These citizens are not allowed freedom, and without freedom, one cannot
be an individual. The State controlled
the people through subtle training that had profound effect. “By various methods of psychological
conditioning, they are trained to live in total identification with society and
to shun all activities that threaten the stability of the community.” (Magill
1617) Ultimately, without freedom, one is only good to die, because life cannot
be improved. Huxley lamented the idea of
a completely scientific, and so he wrote about it in order to show its
horrors. “In the first of these novels,
Huxley, defrauded of the hope his grandfather had felt that science would
create a new and better world, protested the obliteration of all human values
by a society completely controlled by science” (Moody 431).
Freedom is an essential human value that was
stripped of the State’s citizens, this clearly did not improve the lives of the
people. “By his heretical views on sport
and soma, by the scandalous
unorthodoxy of his sex life, by his refusal to obey the teachings o four
Ford and behave out of office hours, ‘even as a
little infant, ‘ (here the Director made the sign of
the T), ‘he has proved himself as an enemy of Society.”
(Huxley 149).
Clearly this is not something that is going to bring happiness to
Bernard, the man who the Director accused here.
Bernard’s freedom is controlled, and he pushes its boundaries, resulting
in himself acquiring the label of public enemy.
The State believes him a threat to the comfort and serene stability of
people’s lives.
Aldous
Huxley wrote Brave New World as an argument for individualism, as
demonstrated by the discontent of individuals in a technologically controlled
society, the fact that people are not truly living the human experience, and that
their freedom is sacrificed for health and comfort. He
demonstrates that when technology
overrules society, individualism is lost.
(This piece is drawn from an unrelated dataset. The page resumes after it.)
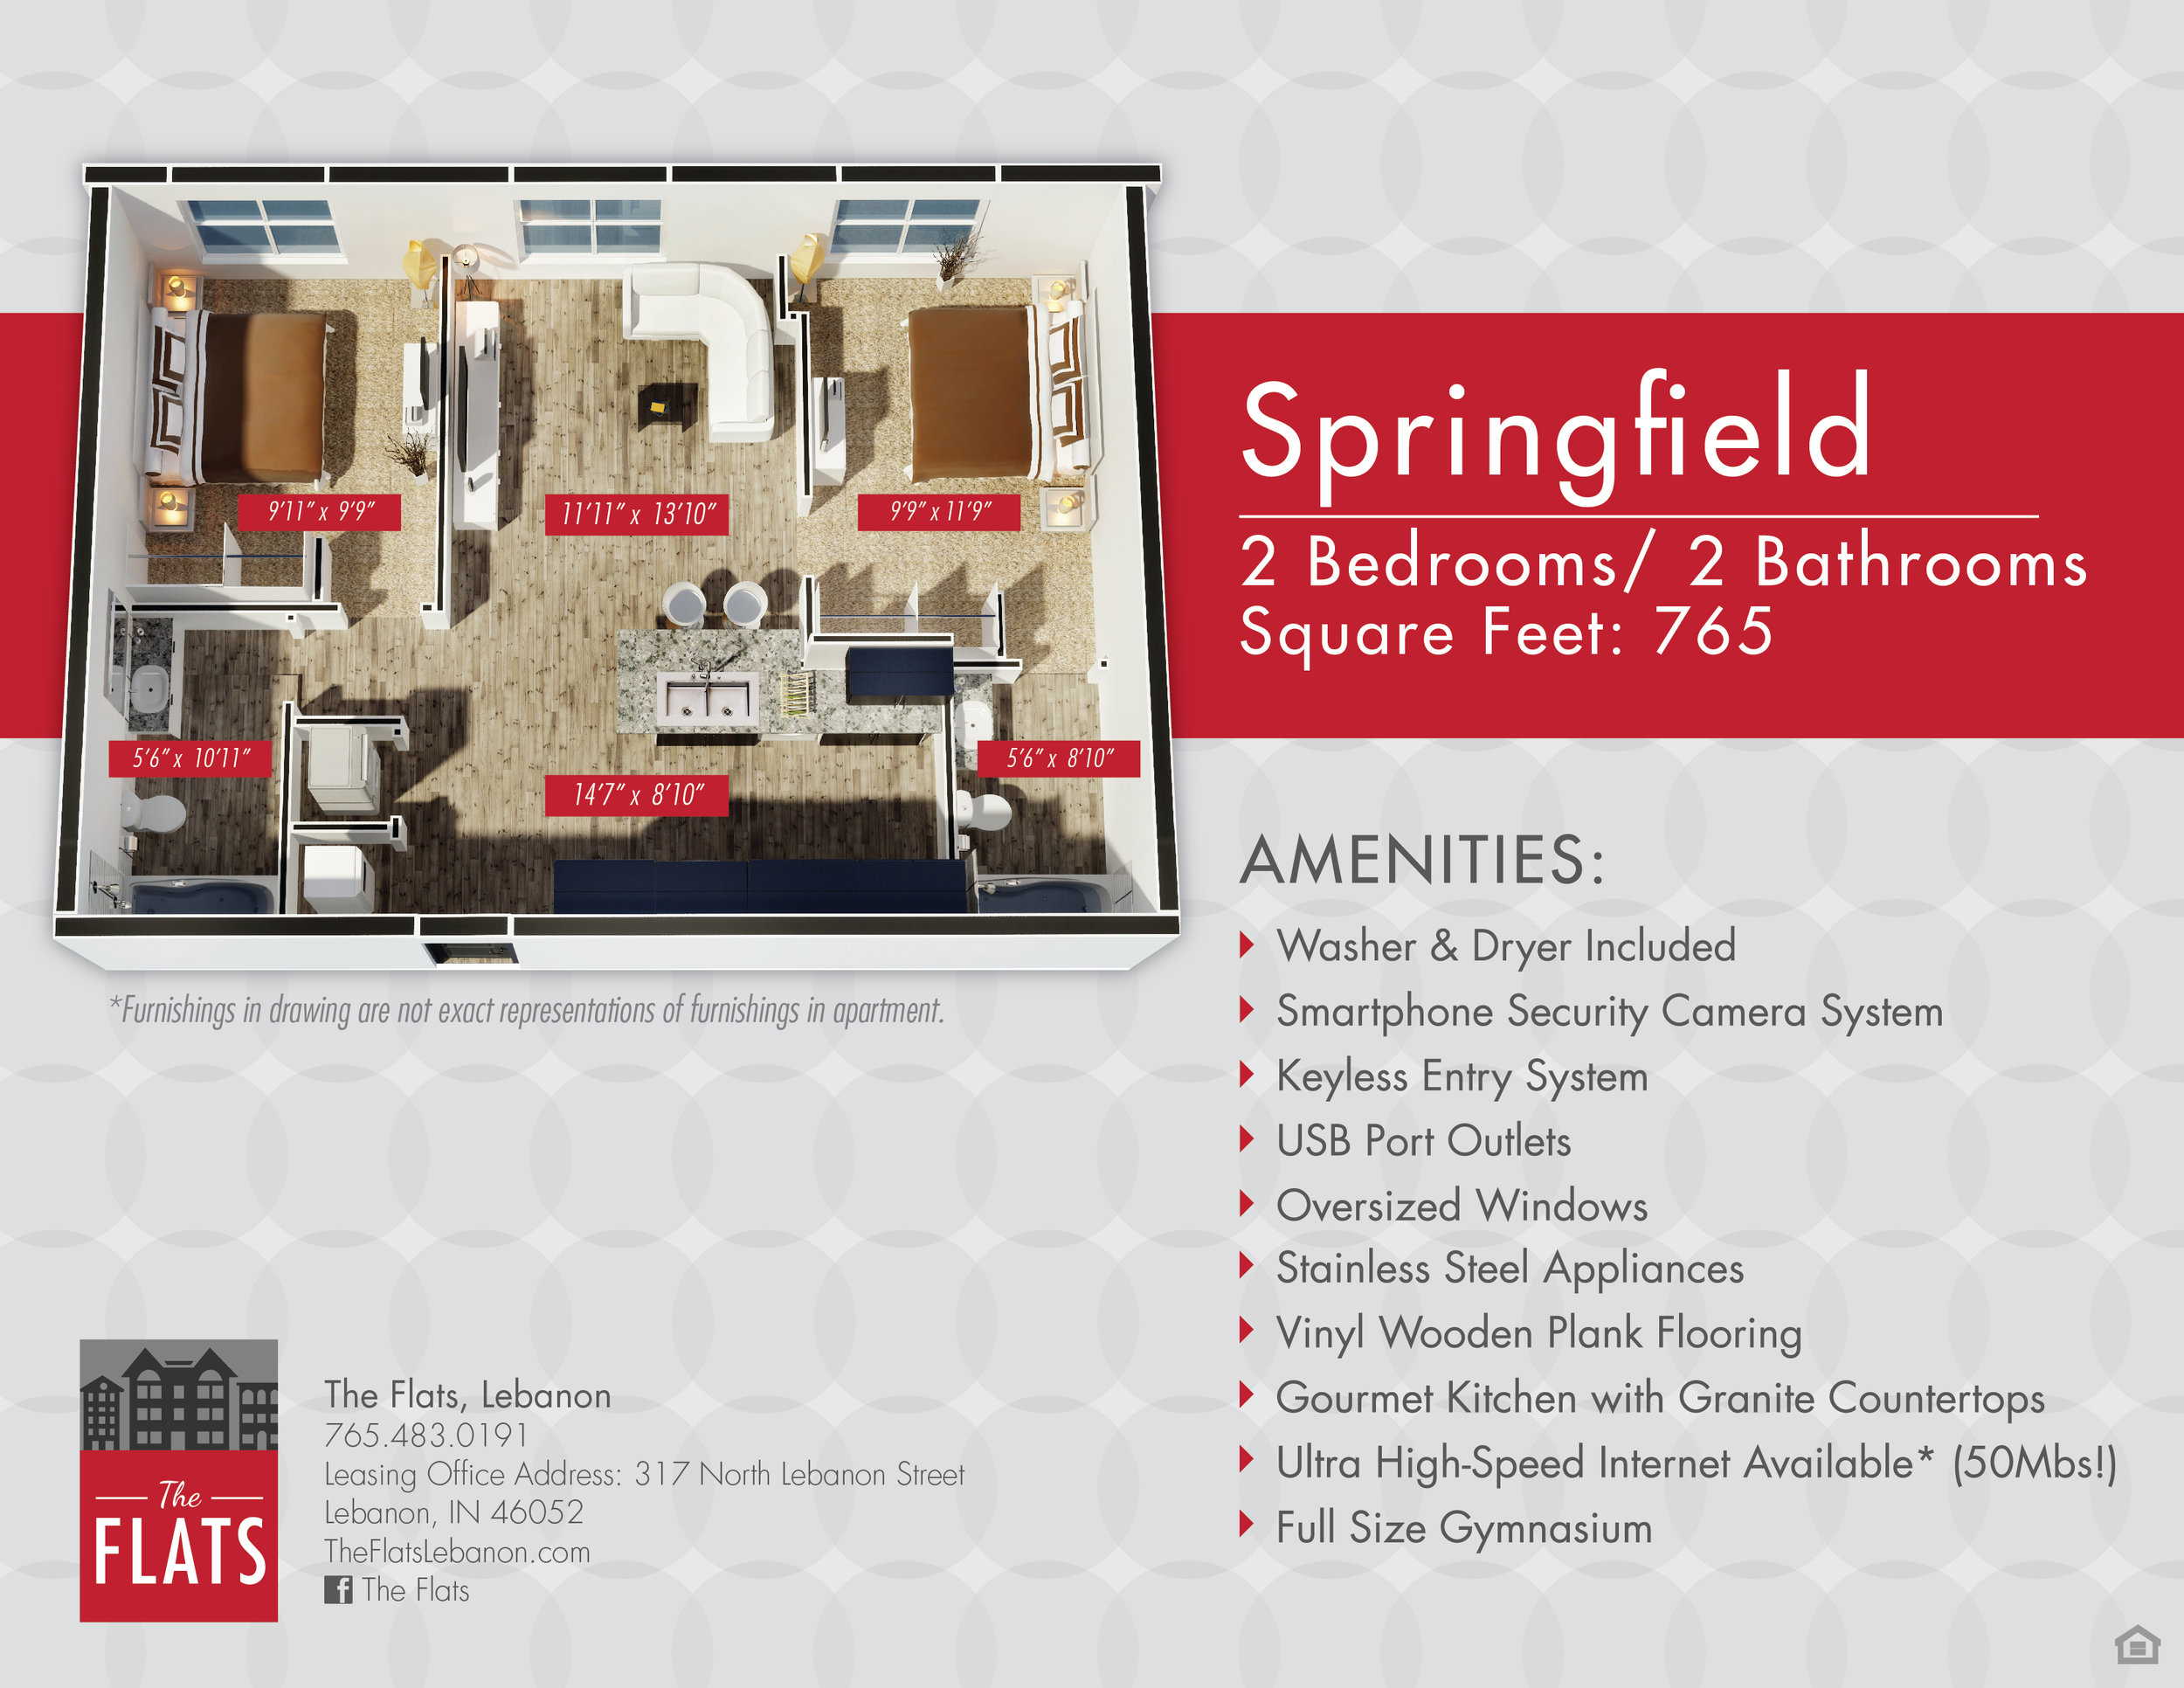 Springfield-01.jpg
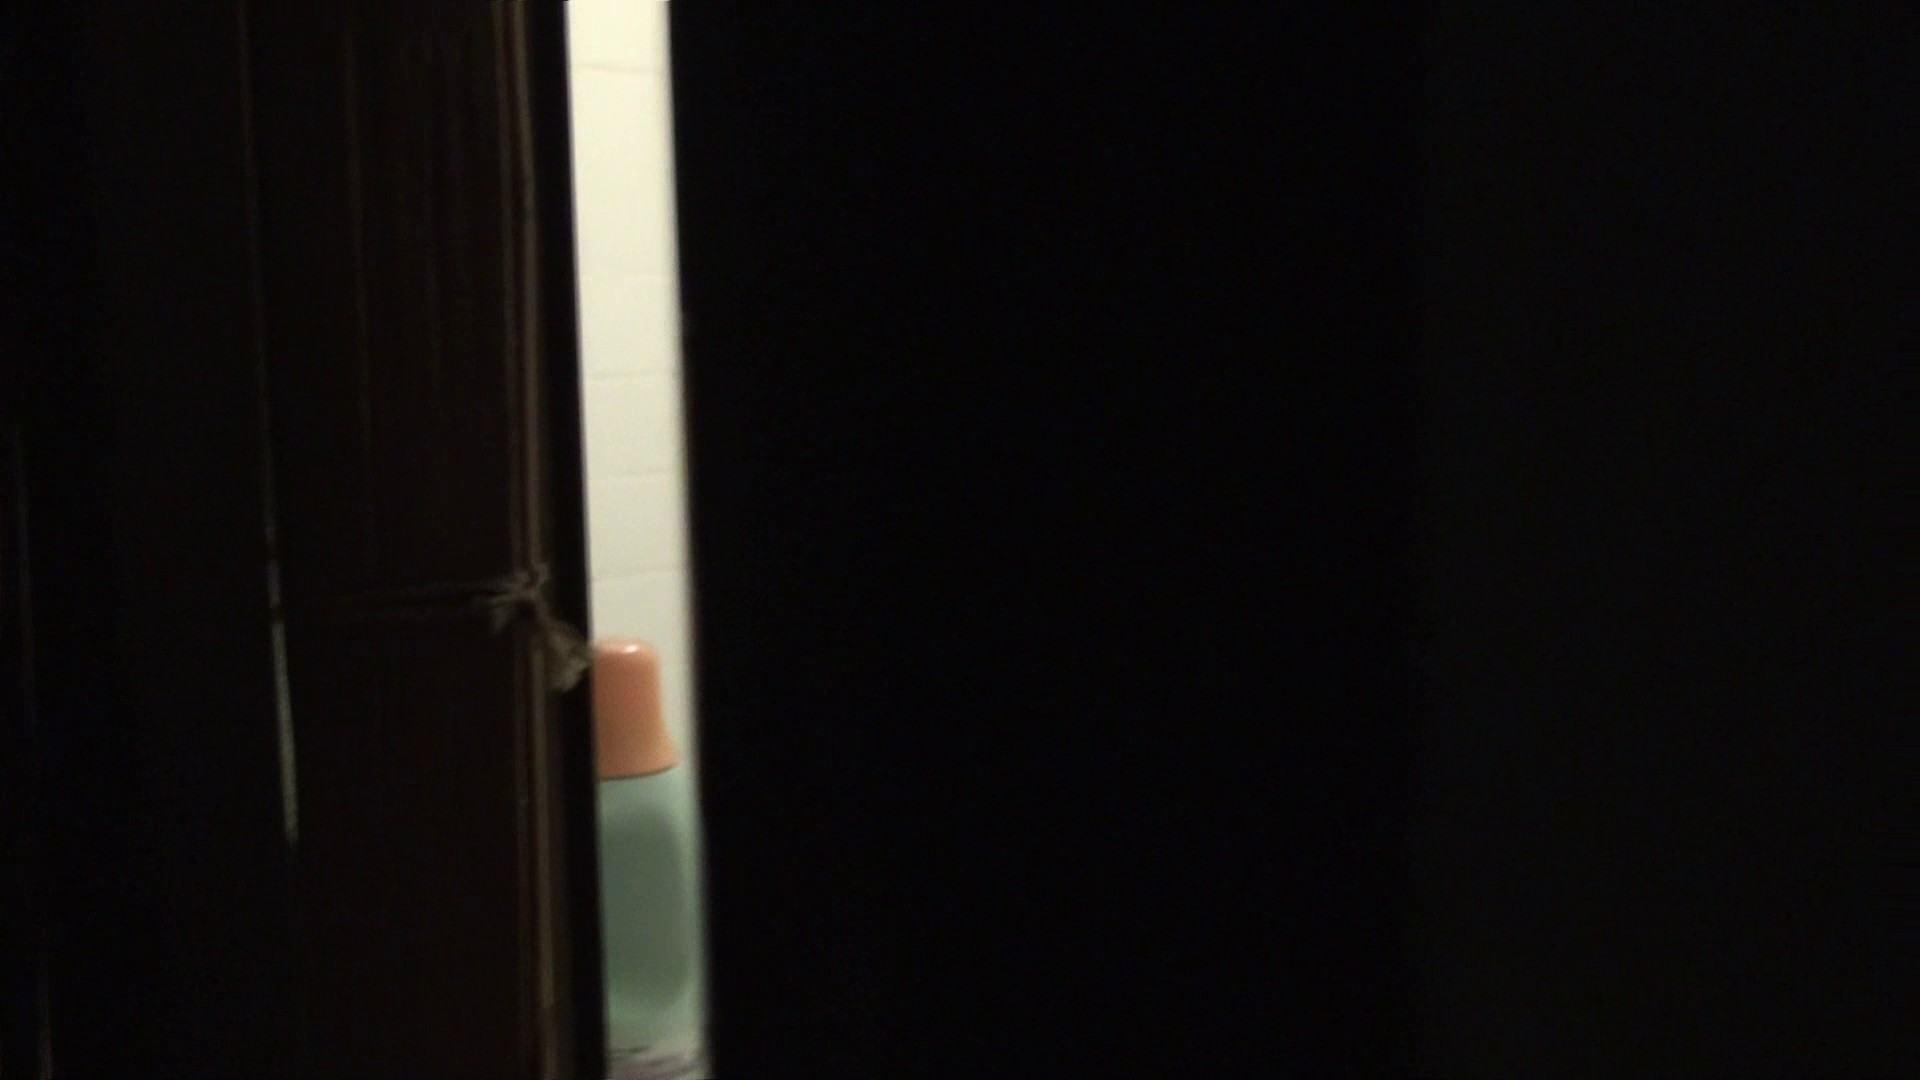 vol.06顔を洗い流す極上お女市さんの裸体をハイビジョンで!風呂上り着替え必見! 美乳 オマンコ動画キャプチャ 68画像 36

All of these points convey the need for individualism, for it brings
freedom, true human experience, and contentment. Because
individualism benefits humans
universally, Huxley argued this by writing Brave New World.
Works
Cited
Huxley, Aldous.
Brave New World. New York:
HarperPerennial, 1998.
Huxley, Aldous.
“Individuality.” Proverbia.
<http://en.proverbia.net/citastema.asp?from=1&ntema=Individuality&tematica=619>
Magill
Frank, Harr-Low. Critical Survey of
Long Fiction. New Jersey; Salem
Press Inc., 1983.
Moody
William Vaughn, Morss Lovett Robert and Fred B.
Millet. A History of English
Literature. New York: Charles
Scribner’s Sons, 1956.
O’Neil,
Patrick M. Great World Writers:
Twentieth Century. New York:
Marshall Cavendish, 2004.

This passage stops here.